Record extracts →
##########
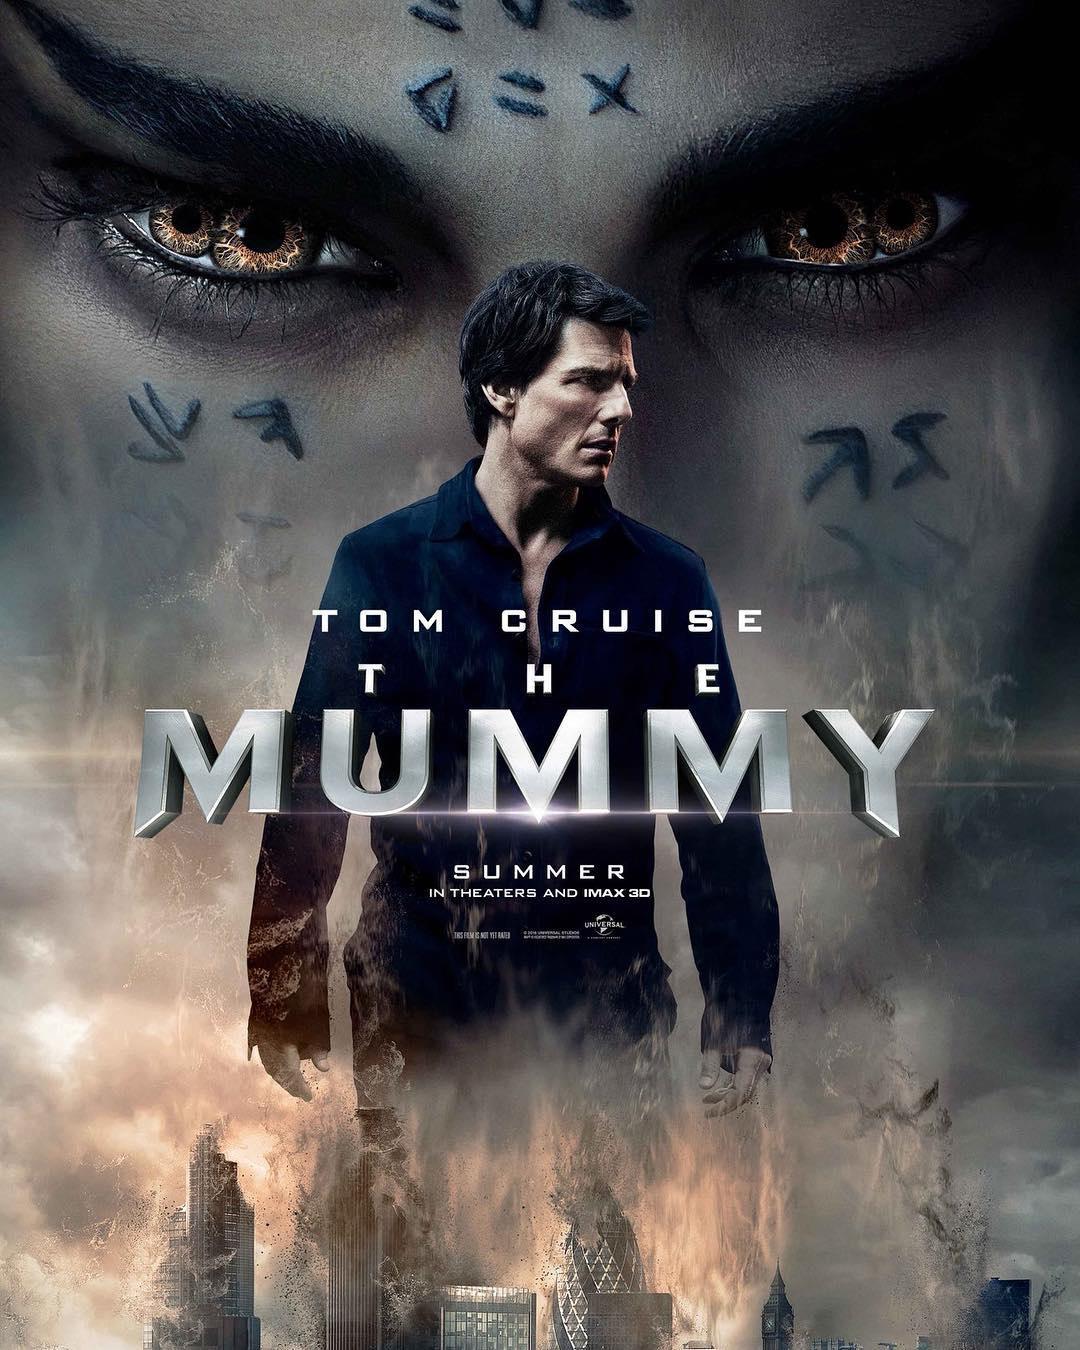 The Mummy (2019) - director - alex kurtzmanconcept department - MPCArt director Ravi Bansal
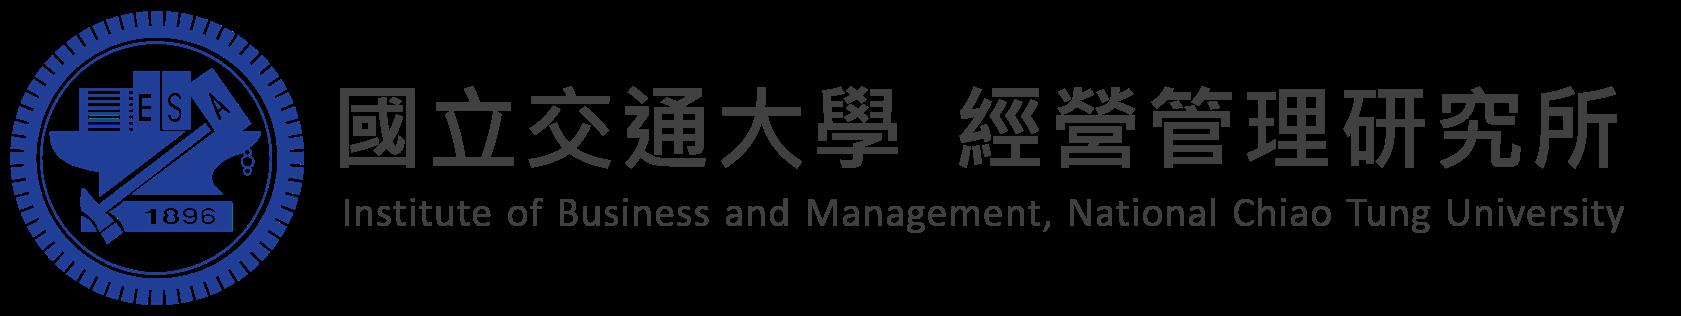 Logo National Chiao-Tung University - Taipei Campus
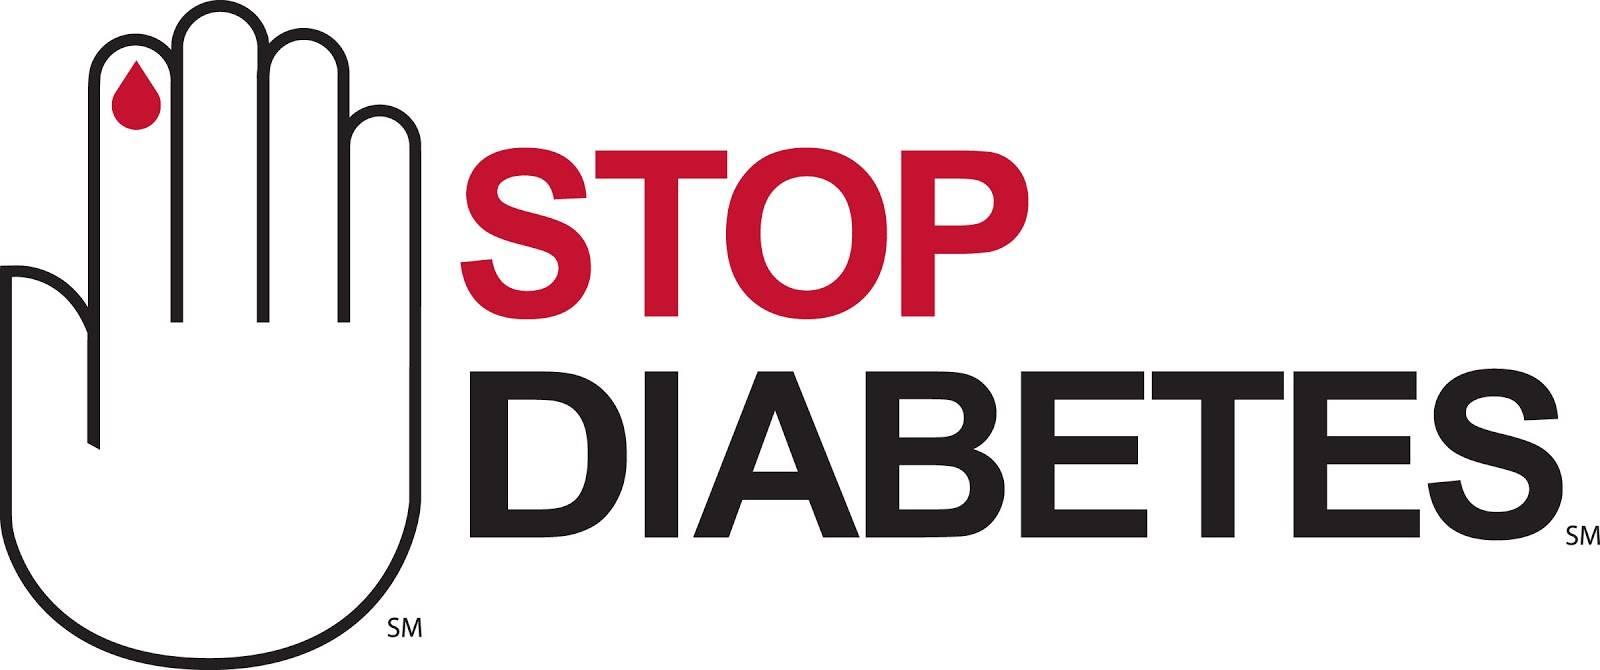 Профилактика сахарного диабета 2 типа: памятка
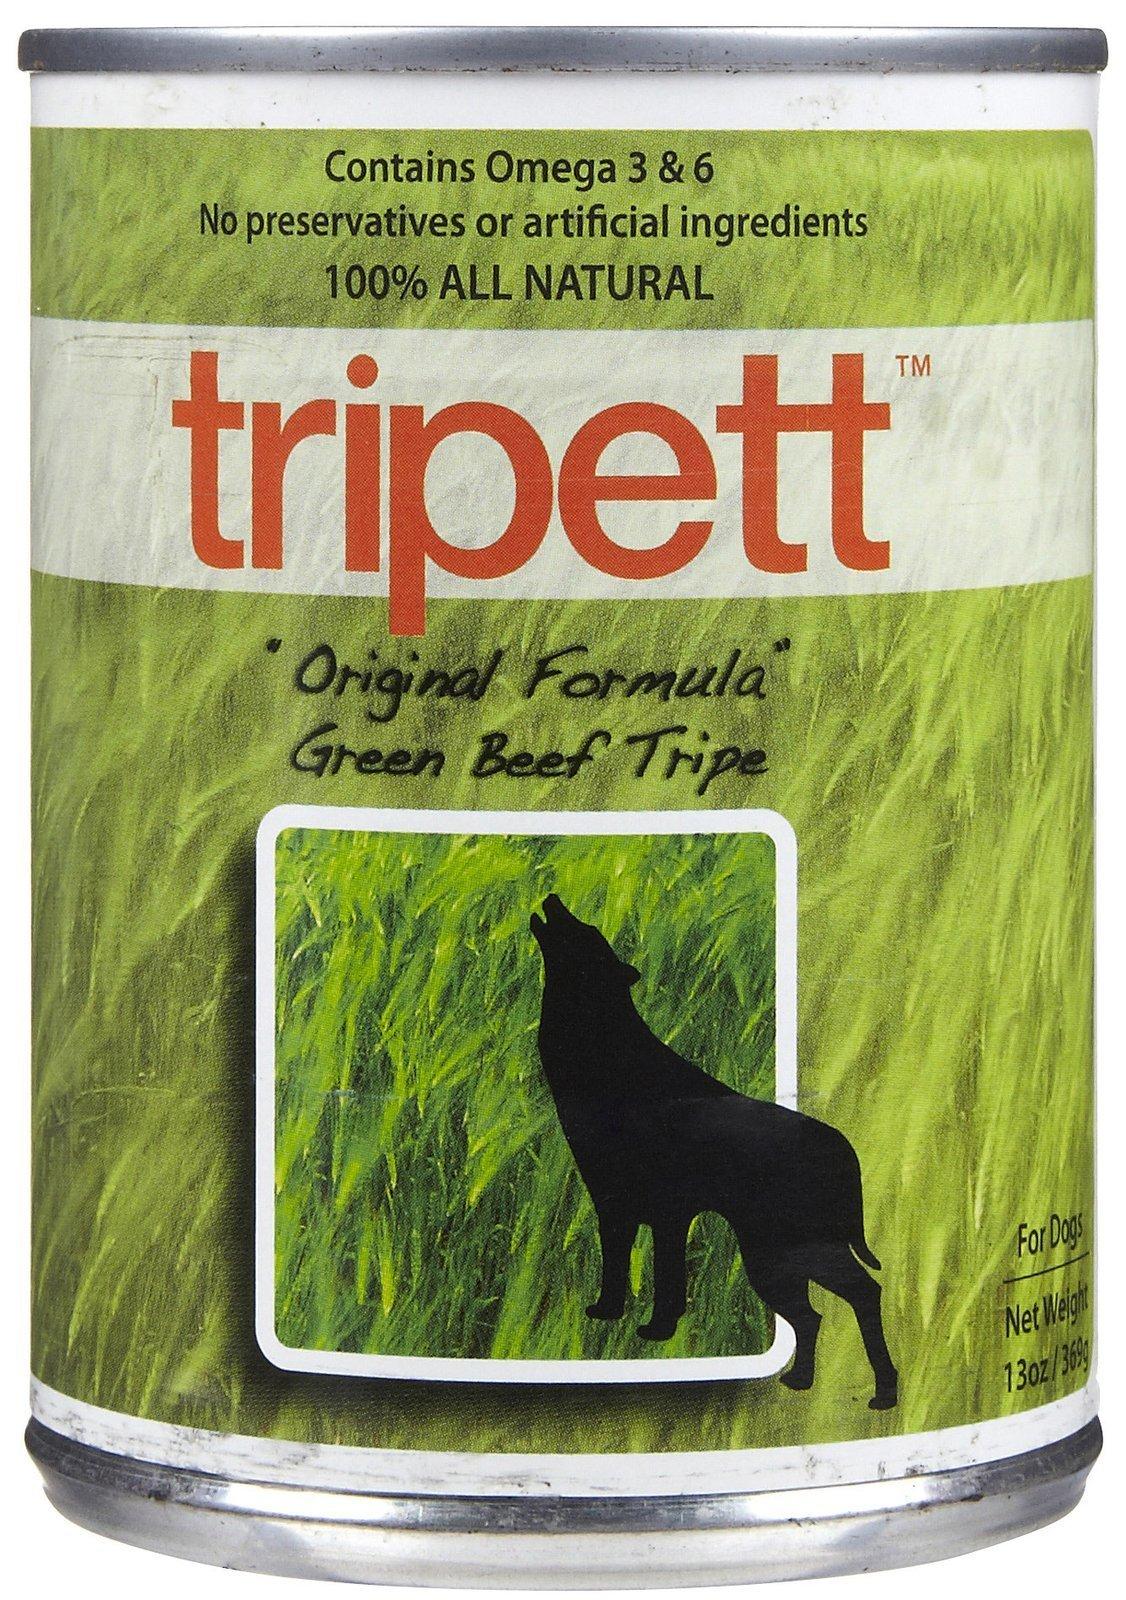 Tripett Original Formula Green Beef Tripe Dog Food, 13 oz cans, Pack of 12 by Tripett
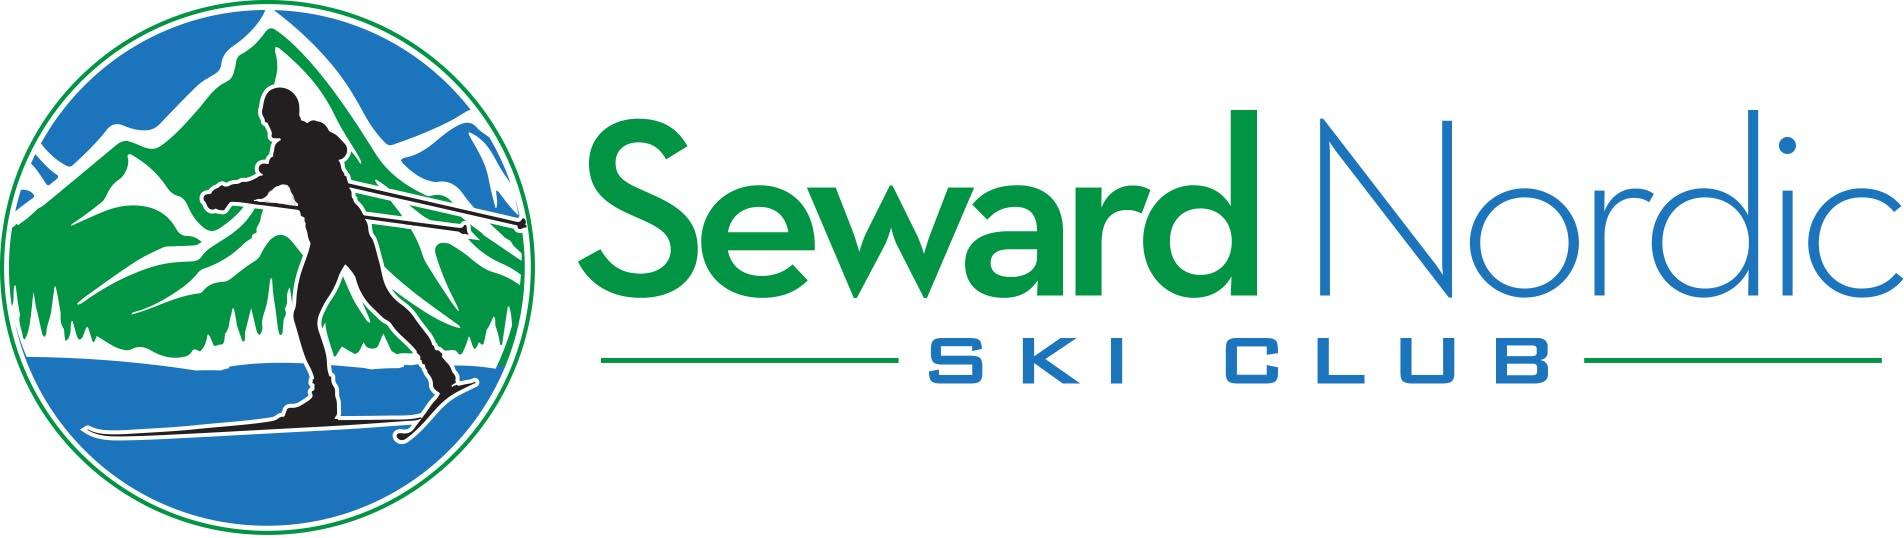 seward_nordic_3.jpg
##########
Exercise goal → This exercise asks for the data above to be given again exactly, without pictures.

Answer for the task →
 The Mummy (2019) - director - alex kurtzmanconcept department - MPCArt director Ravi Bansal
 Logo National Chiao-Tung University - Taipei Campus
 Профилактика сахарного диабета 2 типа: памятка
 Tripett Original Formula Green Beef Tripe Dog Food, 13 oz cans, Pack of 12 by Tripett
 seward_nordic_3.jpg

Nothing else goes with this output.